We submit that people view a sample randomly drawn from a population as highly representative, that is, similar to the population in all essential characteristics. Consequently, they expect any two samples drawn from a particular population to be more similar to one another and to the population than sampling theory predicts, at least for small samples.

The tendency to regard a sample as a representation is manifest in a wide variety of situations. When subjects are instructed to generate a random sequence of hypothetical tosses of a fair coin, for example, they produce sequences where the proportion of heads in any short segment stays far closer to than the laws of chance would predict (Tune, 1964). Thus, each segment of the response sequence is highly representative of the ‘fairness’ of the coin. Similar effects are observed when subjects successively predict events in a randomly generated series, as in probability learning experiments (Estes, 1964) or in other sequential games of chance. Subjects act as if every segment of the random sequence must reflect the true proportion: if the sequence has strayed from the population proportion, a corrective bias in the other direction is expected. This has been called the gambler’s fallacy…

Thus far, we have attempted to describe two related intuitions about chance. We proposed a representation hypothesis according to which people believe samples to be very similar to one another and to the population from which they are drawn. We also suggested that people believe sampling to be a self-correcting process. The two beliefs lead to the same consequences. Both generate expectations about characteristics of samples, and the variability of these expectations is less than the true variability, at least for small samples.

The law of large numbers guarantees that very large samples will indeed be highly representative of the population from which they are drawn. If, in addition, a self-corrective tendency is at work, then small samples should also be highly representative and similar to one another. People’s intuitions about random sampling appear to satisfy the law of small numbers, which asserts that the law of large numbers applies to small numbers as well.”

— From “Belief in the law of small numbers” (Tversky & Kahneman, 1971)

 

Related psychological phenomena

There are many psychological phenomena that are closely related to the law of small numbers.

One such phenomenon is the representativeness heuristic, which is the tendency to evaluate probabilities by the degree to which one thing is representative of another. This means that the probability of something such as an event or a sample may be evaluated by the degree to which it is similar in its essential properties to its parent population, or by the degree to which it reflects the salient features of the process that generated it.

Another related phenomenon is jumping to conclusions, which occurs when people reach a conclusion prematurely, on the basis of insufficient information. A notable way of jumping to conclusions, which is particularly associated with the law of small numbers, is overgeneralization (also referred to in some cases as hasty generalization), which involves taking a piece of information that applies to specific cases and then applying it in other, more general cases, in an unreasonable manner.

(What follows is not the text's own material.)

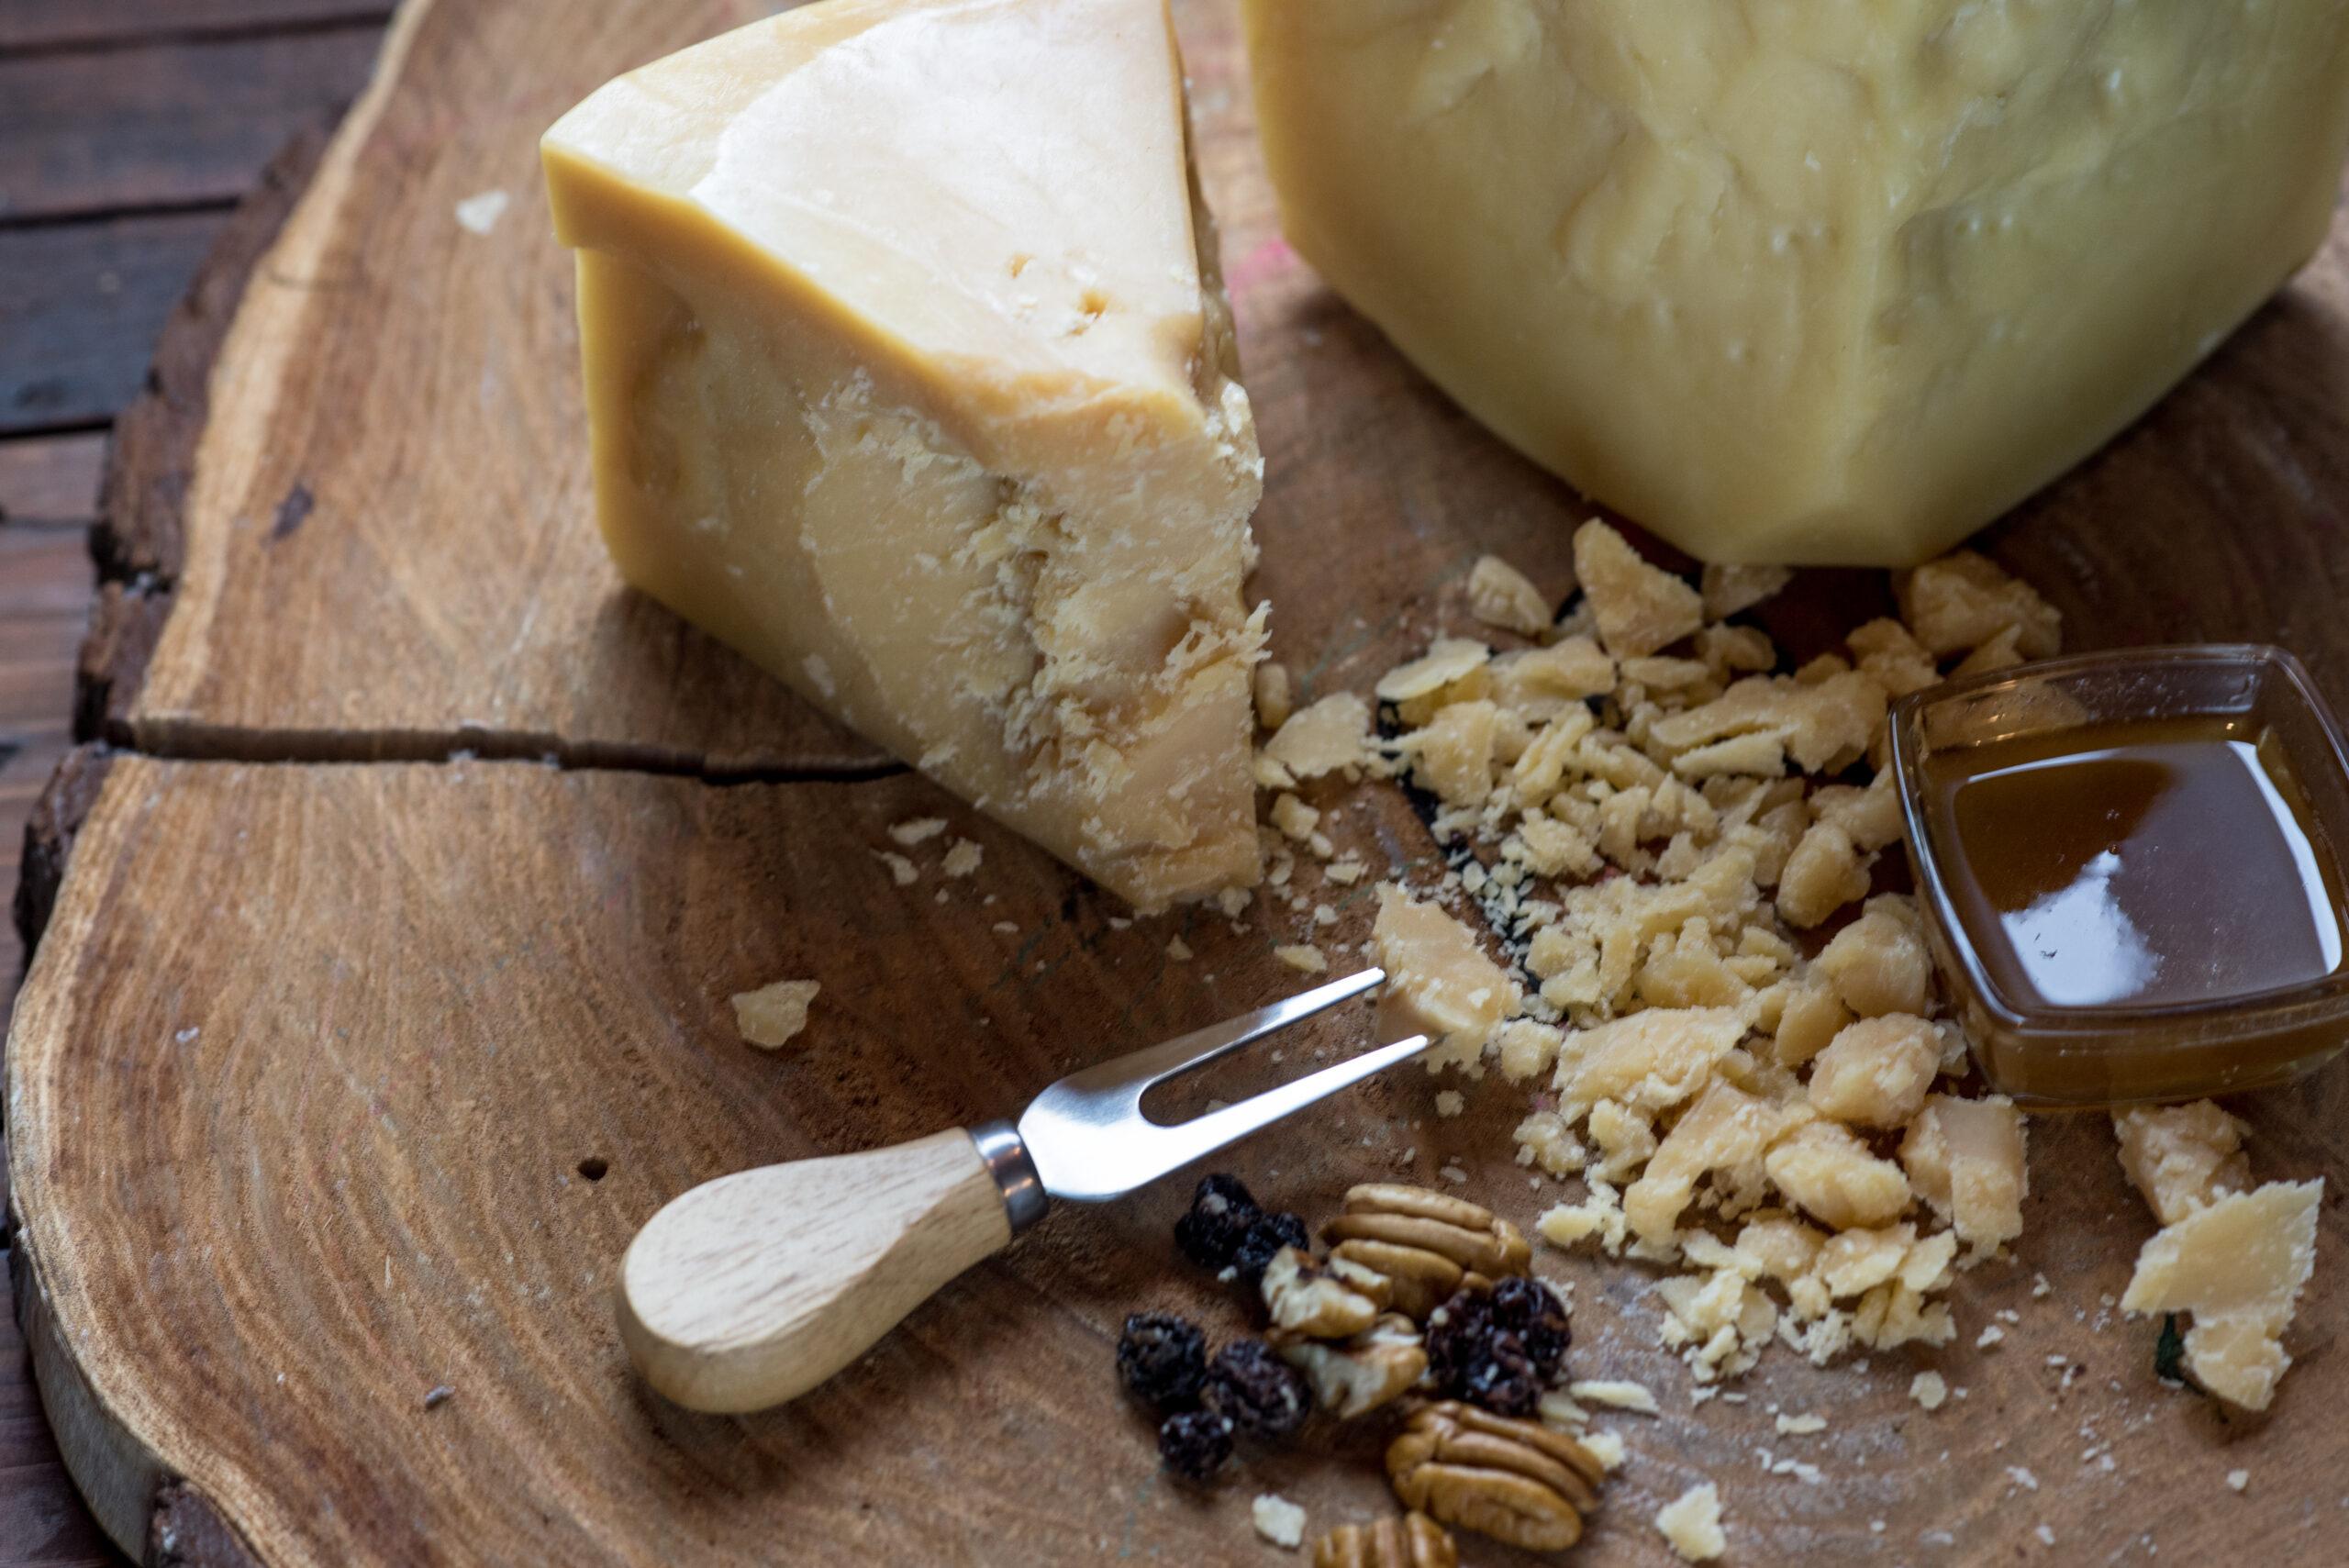 Tec. de Elaboración de Quesos de Pasta Dura (Tipo Sbrinz o Parmesano)

In addition, two other phenomena that are closely related to the law of small numbers and to each other, are the gambler’s fallacy and the hot-hand fallacy. Specifically, the gambler’s fallacy is the mistaken belief that if an event occurred more frequently than expected in the past then it’s less likely to occur in the future (and vice versa), in a situation where these occurrences are independent of one another. Conversely, the hot-hand fallacy is the mistaken belief that a string of similar outcomes signals that additional similar outcomes are likely to follow, in a situation where these outcomes are independent of one another.

Finally, the law of small numbers is associated with a number of related phenomena, such as the tendency to view chance as a fair process, the availability heuristic, which represents people’s tendency to rely more strongly on information that is easy for them to bring to mind, and the insensitivity to sample size phenomenon (also known as sample-size neglect), whereby people fail to consider sample size when making judgments about probability.

 

Related mathematical concepts

Outside the context of psychology and behavioral economics, the term “law of small numbers” is also used with a different meaning in the context of mathematics and probability. As one paper notes:

“The meaning of the ‘Law of Small Numbers’ has been the subject of widespread misapprehension, to the extent that there has been a convergent tendency to interpret it as the Poisson probability distribution, in the sense that this distribution describes the occurrence of rare events in the setting of binomial trials. This was not Bortkiewicz’s understanding of the LSN, although the Poisson distribution plays a very prominent role in the setting in which the term ‘Law of Small Numbers’ first appears (Bortkewitsch, 1898), and within the real-life examples in this work, among which is the horse kick data, by which Bortkiewicz illustrated his understanding of the LSN…

[The LSN] asserts that relatively short series of N independent observations, each on a Poisson (λj) (j = 1,… , N) distribution, tend to behave as if they are a sample of size N from a (homogeneous) Poisson distribution even if the λj‘s are unequal. In the case of unequal λj‘s the larger the ‘scale of experience’, the more readily can the heterogeneity among the λj‘s be detected…”

— From “Bortkiewicz’s Data and the Law of Small Numbers” (Quine & Seneta, in the International Statistical Review / Revue Internationale de Statistique, 1987)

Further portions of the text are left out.